Computer scienceData scienceNLPMain NLP tasksQuestion Answering

Introduction to dialogue systems

2 minutes read

Dialogue systems are one of the most interesting areas in NLP. Of course, you have already met them: dialogue systems include Siri and Cortana, various assistants on store websites, and many others. Let's learn more about them!

What is a dialogue system?

Dialogue systems, or conversational agents, are programs that allow a person and a computer to communicate in a way that is similar to a conversation between two people. Communication takes place as follows: a person asks a question or makes an order, then the program answers them or performs some instructions.

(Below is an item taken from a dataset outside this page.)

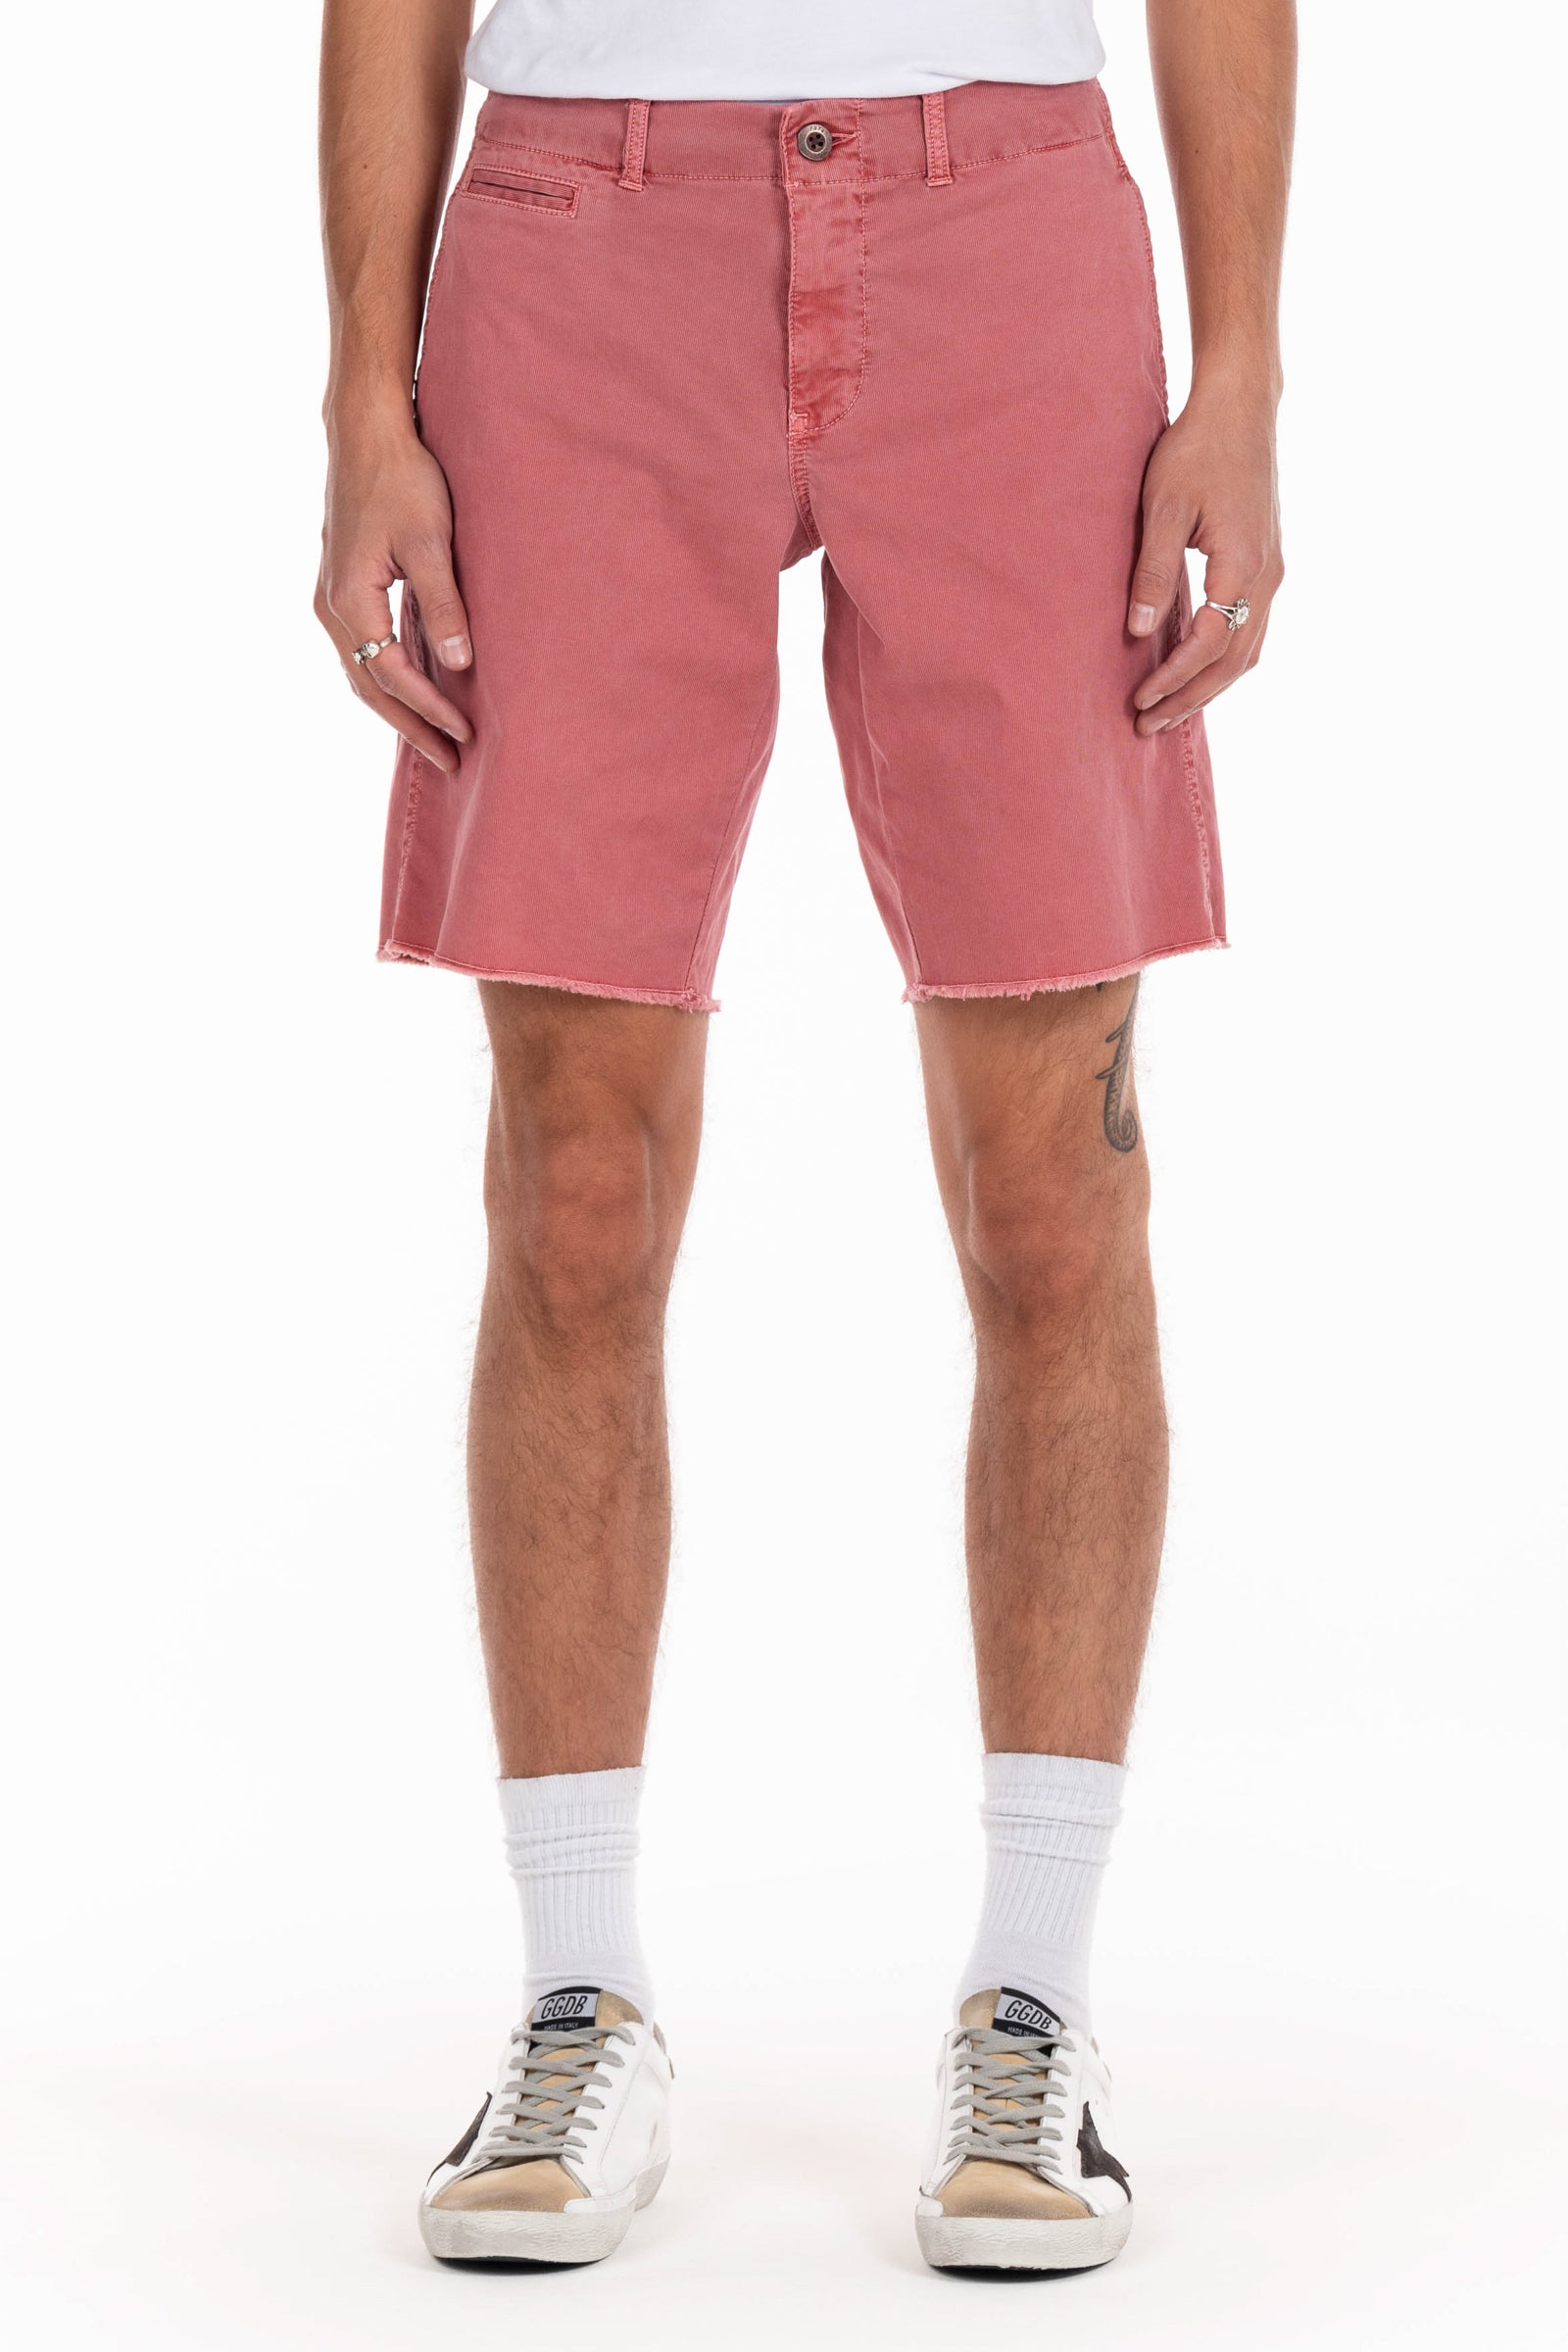 Original Paperbacks Rockland Chino Short in Berry on Model Cropped Front View
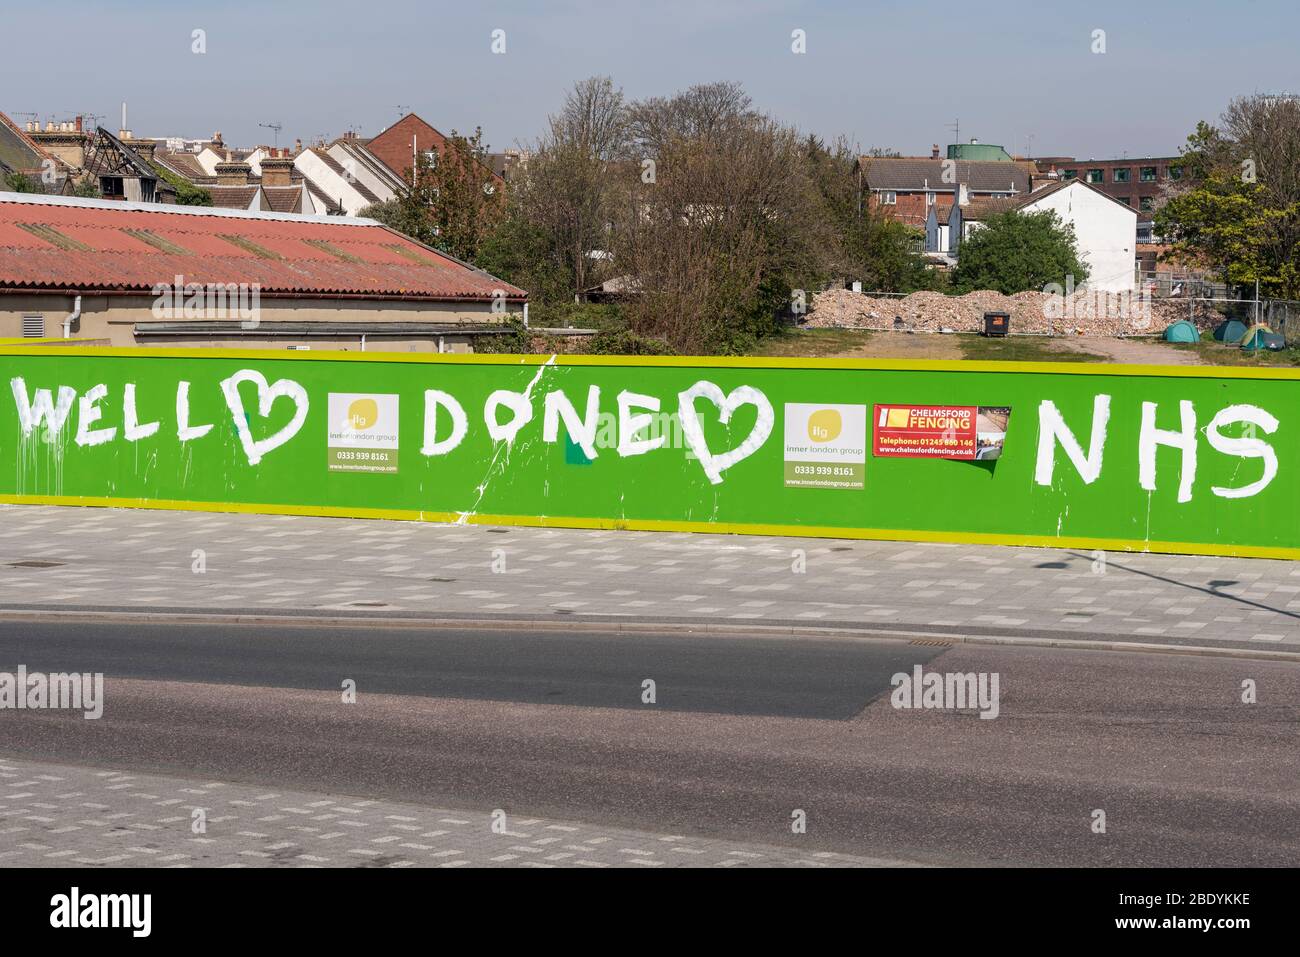 Well done NHS painted message on sunny day on Southend on Sea seafront on Good Friday of Easter during COVID-19 Coronavirus pandemic lockdown period Stock Photo

Dialogue systems can be hosted on websites, applications, or social networks. The hosting platform determines how the dialog starts. Sometimes the user must enter a special command, such as start, in order for the dialog system to send the start message. In some platforms, when a dialog is opened, the dialog system itself starts the conversation and sends the start message first.

The most important part of writing a dialogue system is planning and writing a scenario. The scenario is a plan of what the dialog system will do during the dialog, and what actions it will perform after user action. For example, send a welcome message to the users when they enter the word "hello" or search the Internet for information about kittens and send it to the users in response to the query "who are the kittens?", etc.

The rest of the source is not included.